# World tettering on the brink .... why don't countries start forgiving debt?



## RMCF (16 Dec 2011)

As the outlook gets gloomier by the day, with a great depression being predicted by some, I was wondering why debt forgiveness isn't on the cards at all?

Now I am no expert, and supposedly Europe/UK/USA owes a lot of money, so I am guessing it is to China? Is this right?

Plus of course they all owe money to each other. Everyone seems to be in debt. And of course China is now said to be in the middle of a property bubble, and we all know where that ends.

So would it not be in the interest of everyone concerned to start forgiving some debt? After all, if Europe goes bust, it will impact the entire world. The UK will suffer, the USA will too, and more importantly China will have lost an awful lot of buyers for their mass produced rubbish, so its hardly in their interest either.

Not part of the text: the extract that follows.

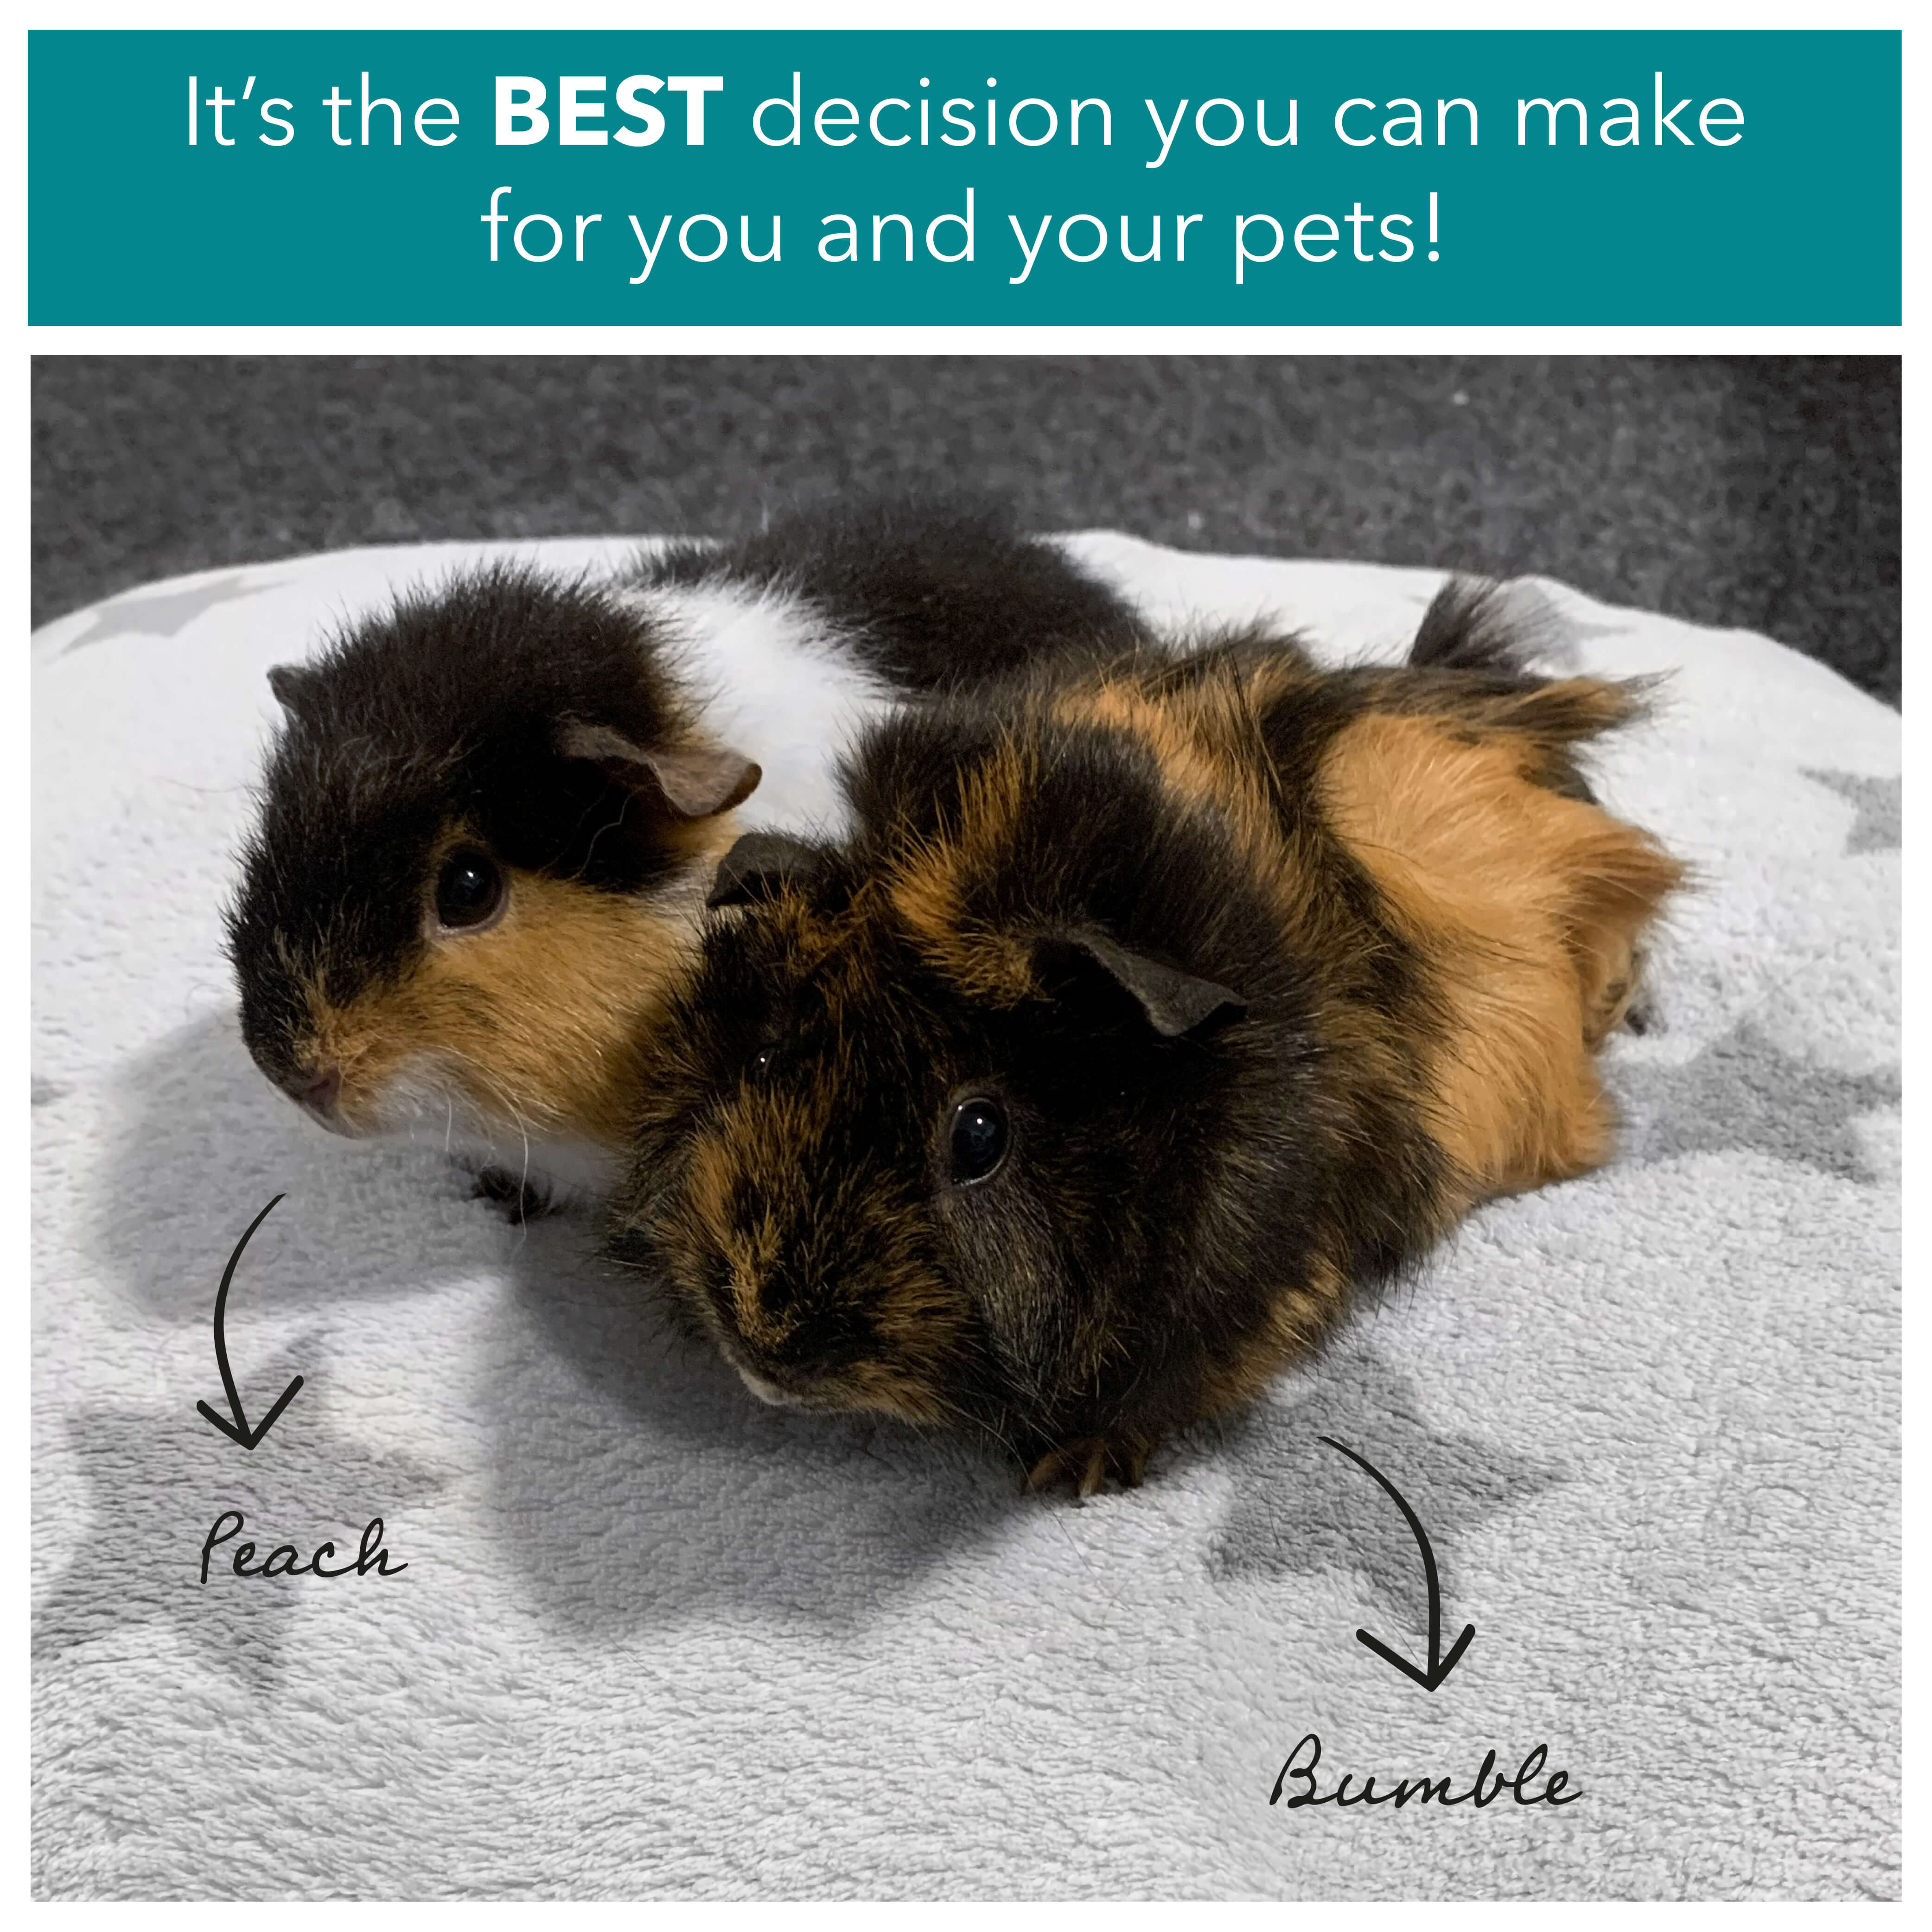 It's the best decision you can make for you and your pets!

Am I being too simple? I know its not the thing to do to say to someone "sure that money you owe me, forget about it" but might it not be a case of biting off your nose to spite your face?


----------



## z107 (16 Dec 2011)

RMCF said:


> Now I am no expert, and supposedly Europe/UK/USA owes a lot of money, so I am guessing it is to China? Is this right?



I don't know, but I'm guessing that the debt is owed to the citizens of Europe/UK/USA. People with savings, investments etc.

These people don't want debt forgiveness.

(I could be wrong though! - The whole thing is pretty confusing, probably deliberately so)


----------



## darag (25 Dec 2011)

Ultimately all debts are the savings of others.

If you really want to surrender your savings to support debt forgiveness, then you'll find plenty of desperate debtors who will gladly take your money.  But I doubt such a voluntary debt forgiveness scheme would have much uptake.

So to pursue such a policy you are talking about forcing losses on savers (i.e. raiding  deposit accounts and pensions savings).  This has been done by some countries (particularly in Latin America) but the economic results have not been spectacular, to say the least.


----------